26 de março de 2007
Em Maria Antonieta (Marie Antoinette; 2006), o mais novo e belo filme da realizadora norte-americana Sofia Coppola, cada imagem exala a riqueza financeira em que a produção foi concebida: a primorosa e deslumbrante reconstituição do século XVIII francês não esconde os milhões de dólares investidos como só a indústria americana de filmar seria capaz de jogar numa tela de cinema. Mas Sofia é muito mais do que uma artesã míope de Hollywood, é uma artista e sabe transformar as exigências industriais em rigor de composição estética. O que verdadeiramente apaixona o espectador em Maria Antonieta é a maneira como a câmara e os movimentos de câmara se enamoram dos elaborados cenários de época, o plano se cola à ambientação, buscando um lustre, um chafariz, detalhes de calçados e roupas, certas cores da fotografia, e esta incessante busca do plano pelo deslumbramento visual muitas vezes pode alucinar o olhar do assistente. Abundam os planos gerais, portanto.
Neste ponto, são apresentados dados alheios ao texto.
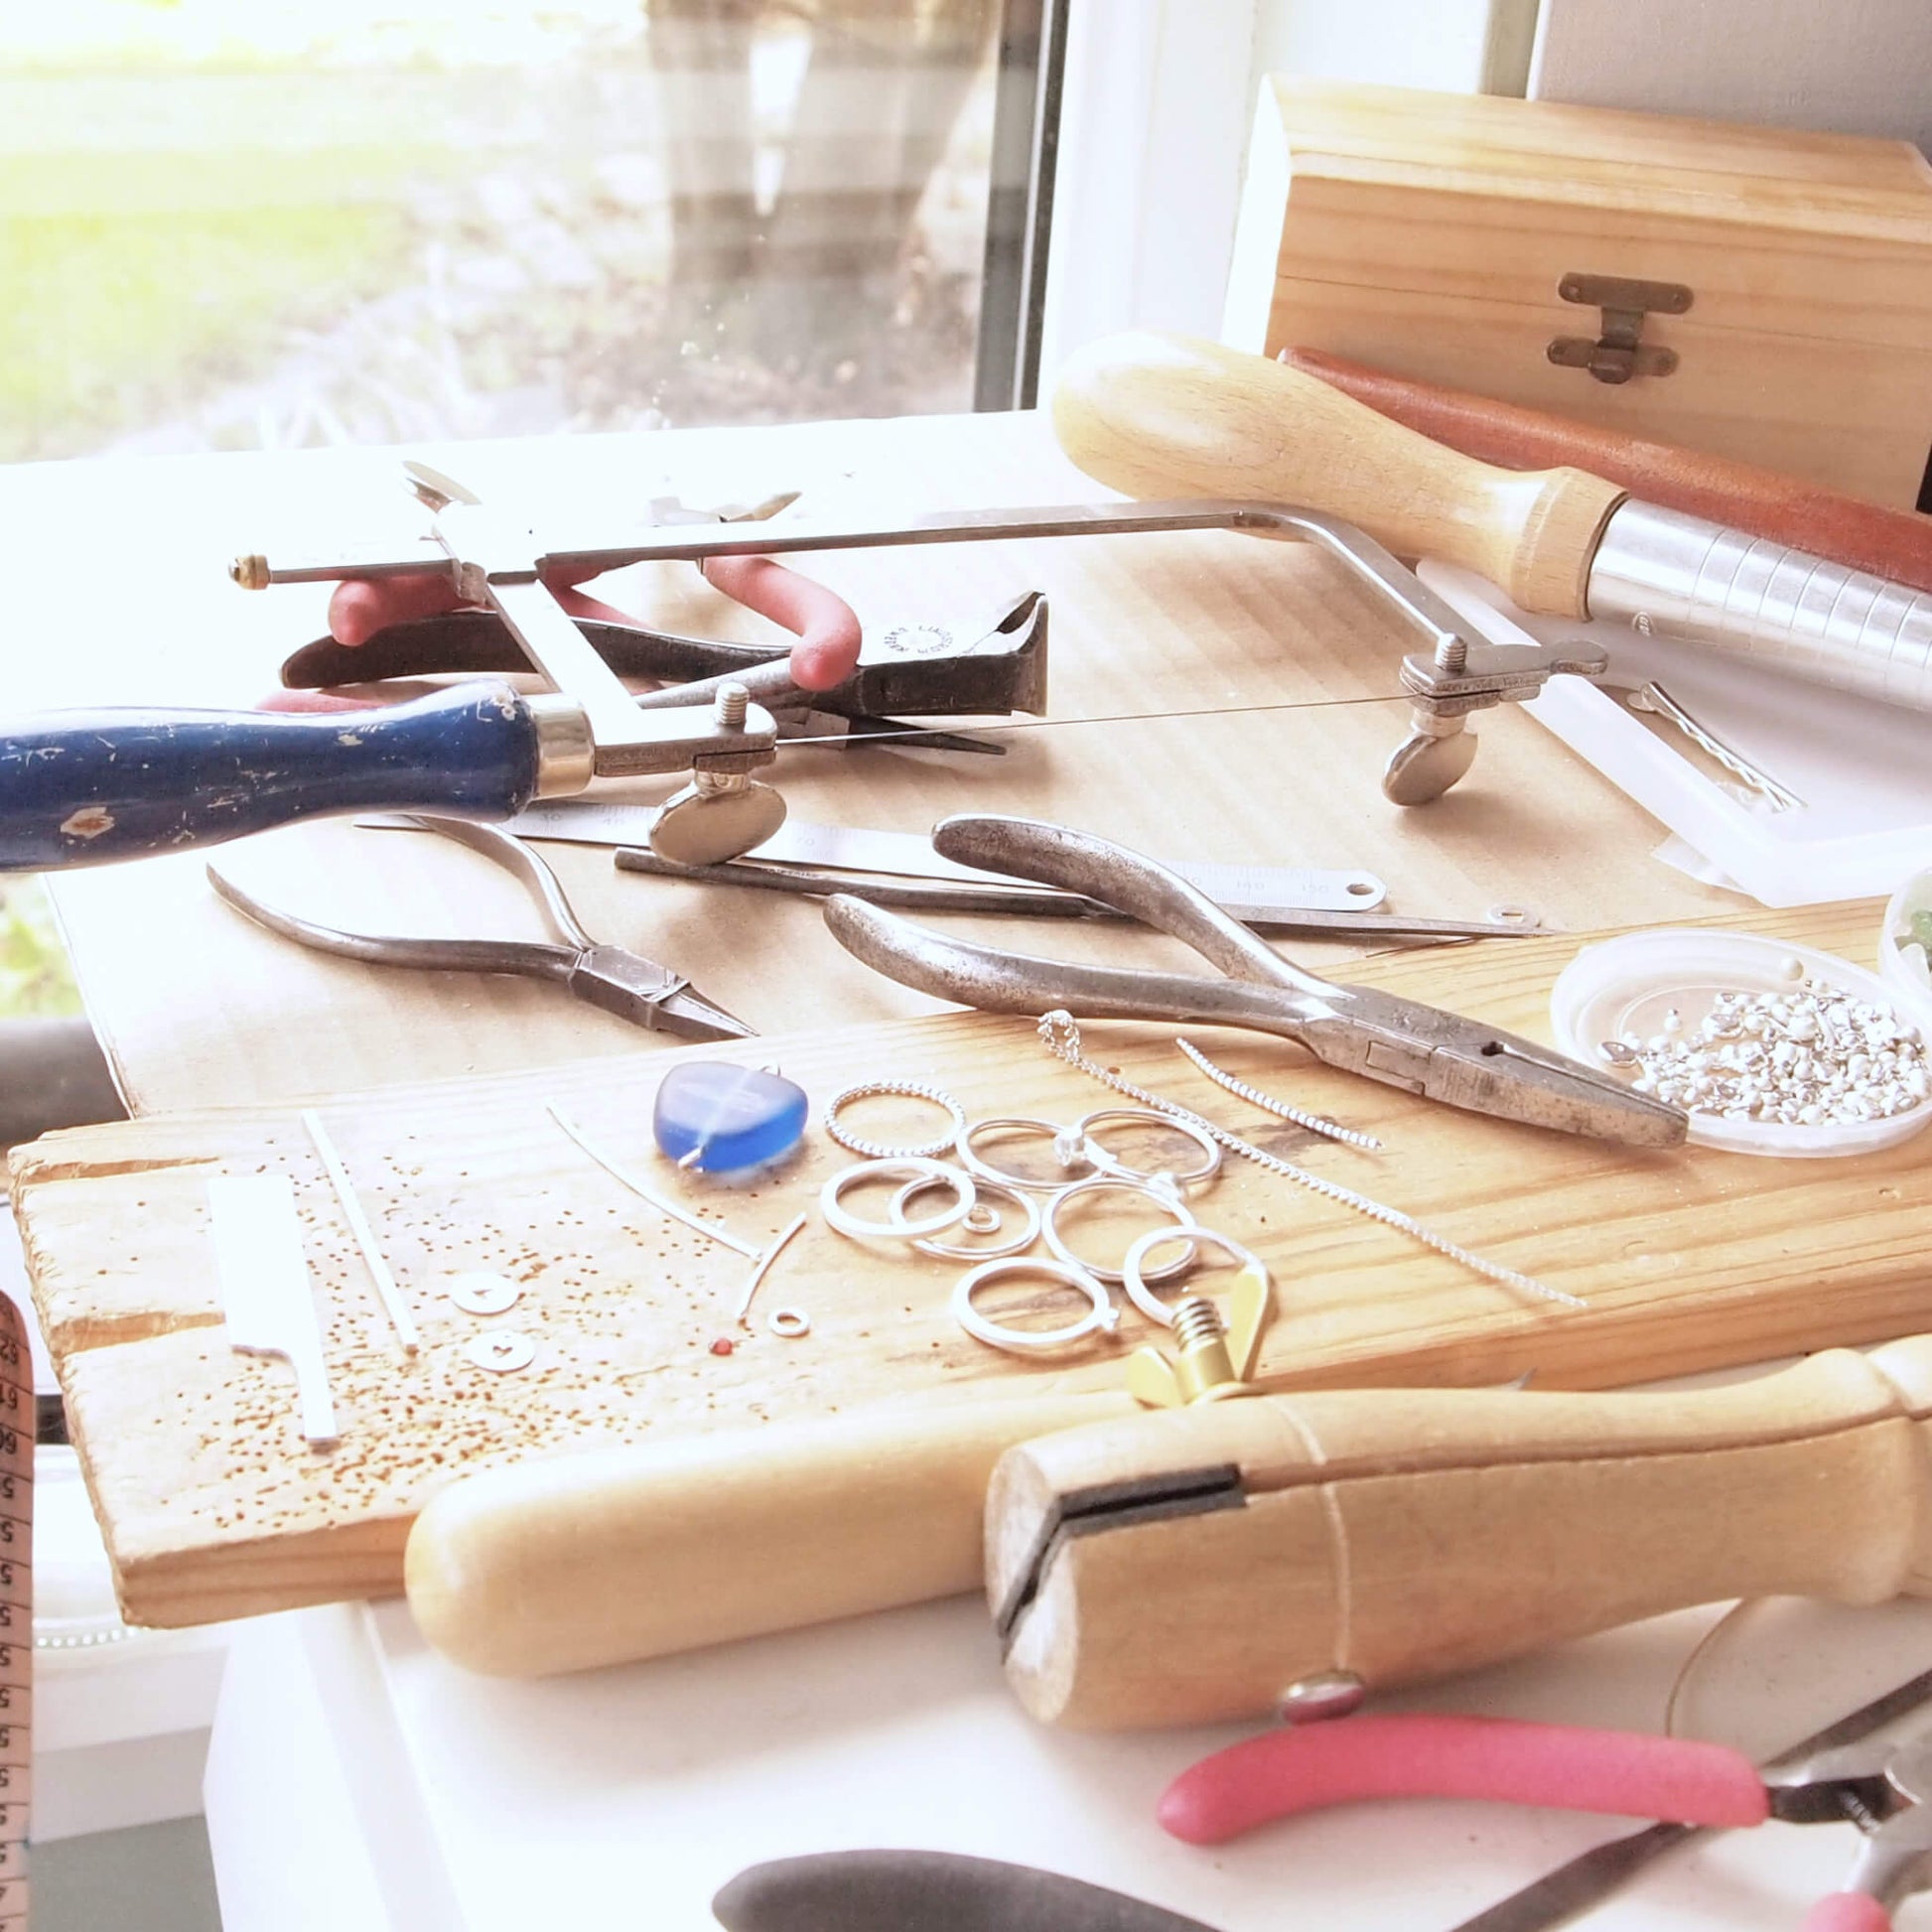 Maram Jewellery's sunny studio workbench. Image shows a light filled desk with jewellers tools, pliers and saw, alongside silver jewellery in the process of being made.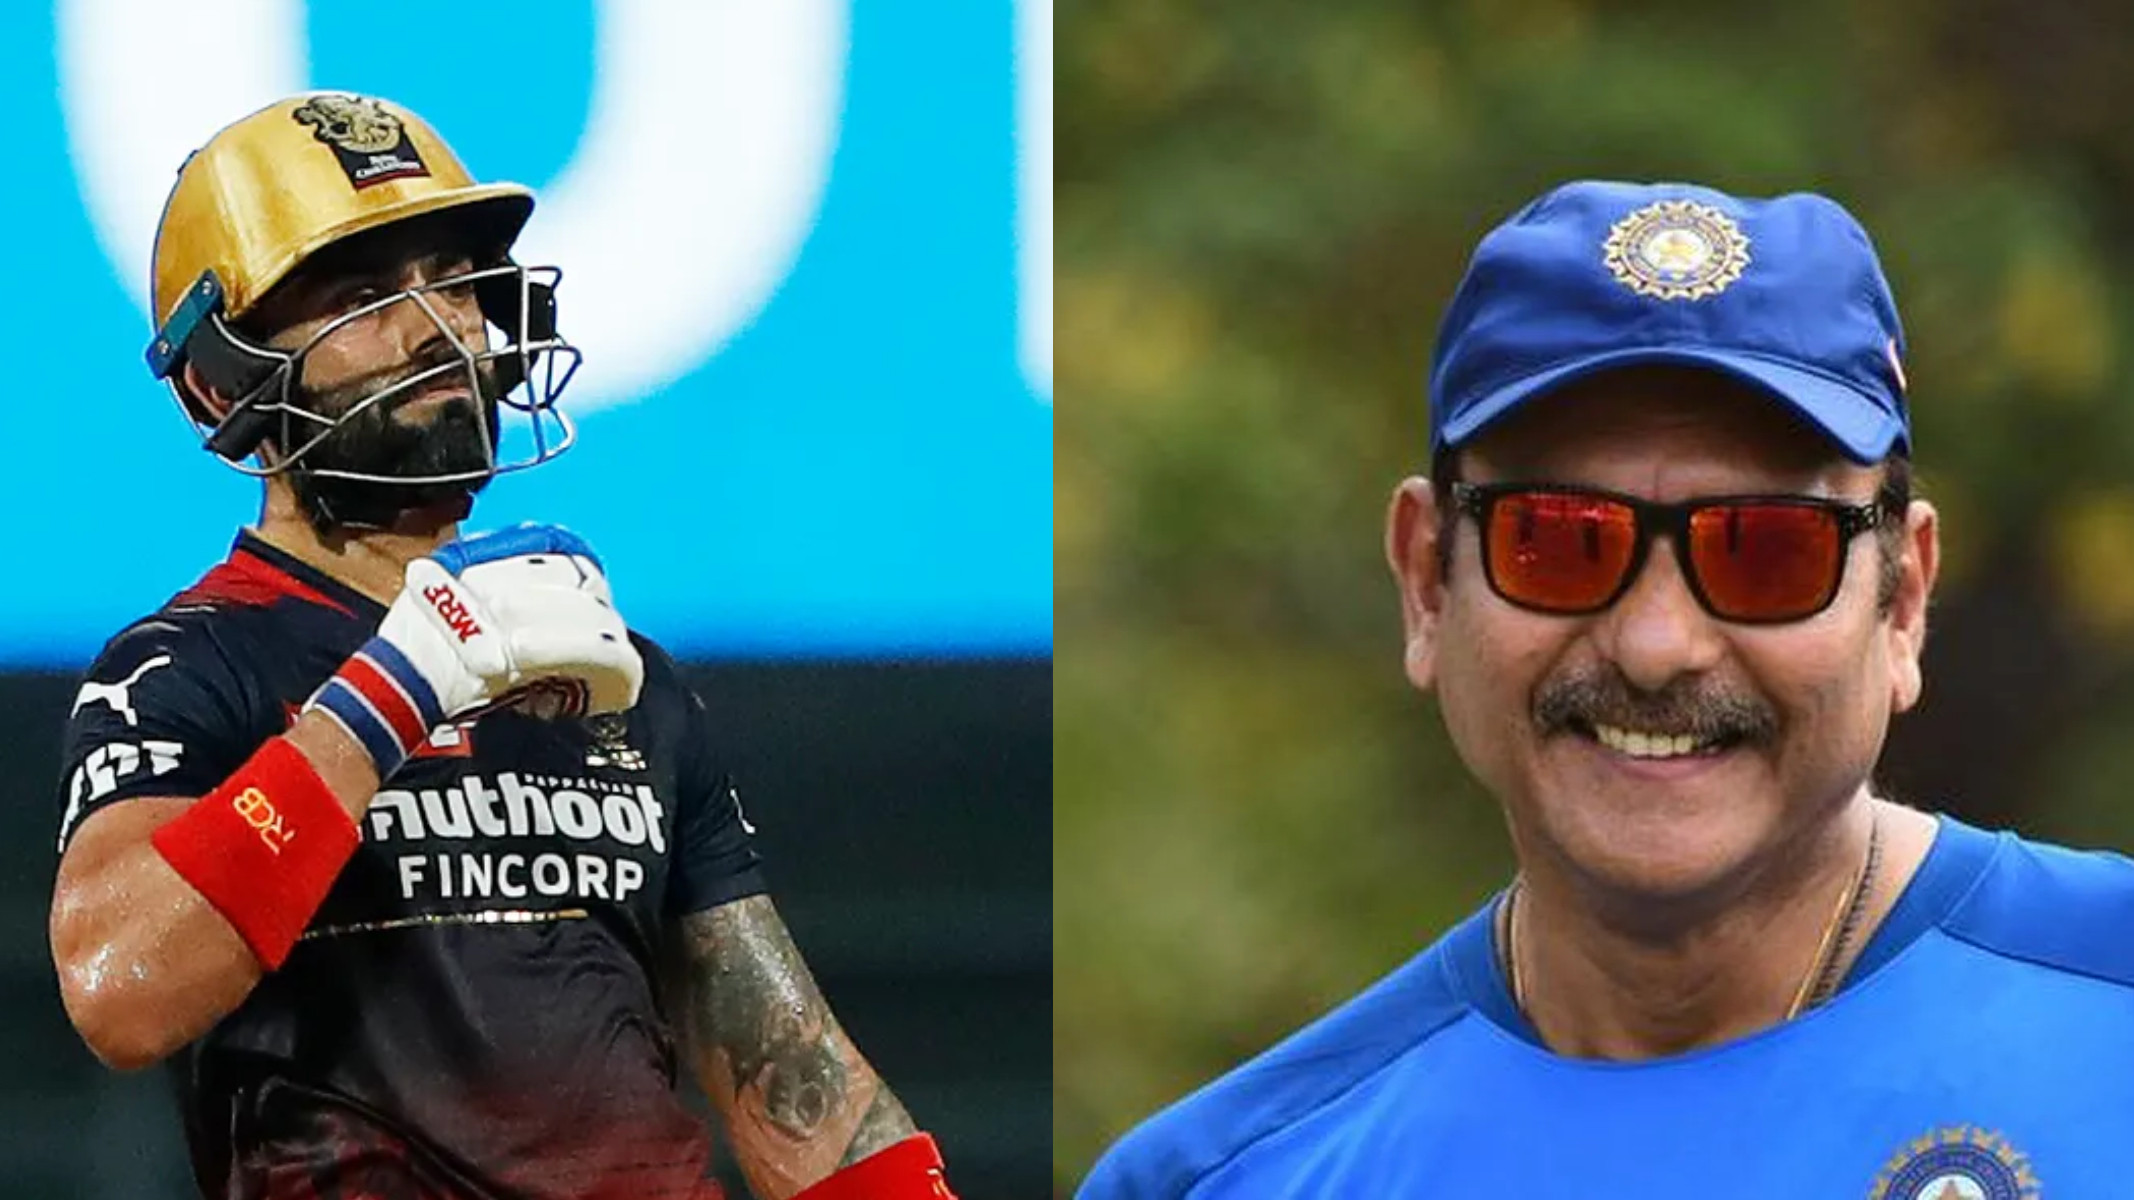 IPL 2022: “The pop is in the house and he’s announced it to the world”: Ravi Shastri on Virat Kohli's 73 vs GT

Estes planos gerais são amiúde lentos, desdramáticos. Curiosamente, apesar da opulência de produção, Maria Antonieta é, como os dois filmes anteriores da Coppola (As virgens suicidas, 1999; Encontros e desencontros, 2003), uma narrativa seca, distanciada; Sofia usa muito pouco os eventos históricos com finalidade dramática, o mais das vezes a câmara de Sofia é um olhar descritivo sobre um mundo antigo com o qual uma mulher contemporânea, a diretora, se esforça por uma identificação. Seco, distanciado, quase um documentário de época se retirarmos seus extensos e intensos adereços visuais, Maria Antonieta é também uma visão debochada das ridicularias da nobreza européia de três séculos trás. Esta zombaria se caracteriza especialmente na forma como a cineasta conduz a travessa interpretação de Kirsten Dunst no papel central; é um contraponto para a sisudez de Helen Mirren em A rainha (2006), do inglês Stephen Frears; entre a perturbadora e tresloucada austríaca dos tempos da Revolução Francesa e a imperturbável britânica de hoje, dois autênticos e precisos retratos de rainhas que abrilhantam este início de ano cinematográfico.
Maria Antonieta tem sua trajetória fílmica interrompida no momento em que a corte real foge pelo interior da França para escapar à sanha do povo faminto. Esta caravana régia em fuga foi o centro da obra-prima Casanova e a revolução (1982), do italiano Ettore Scola. Neste aspecto, Maria Antonieta da Coppola, evitando mostrar sua personagem decapitada, diverge de Maria Antonieta, o calvário de uma rainha (1956), rodado na França por Jean Delannoy, com Michèle Morgan no papel-título: se bem me lembro, a última cena da realização de Delannoy é a cabeça de Maria Antonieta no momento em que a guilhotina a decepa.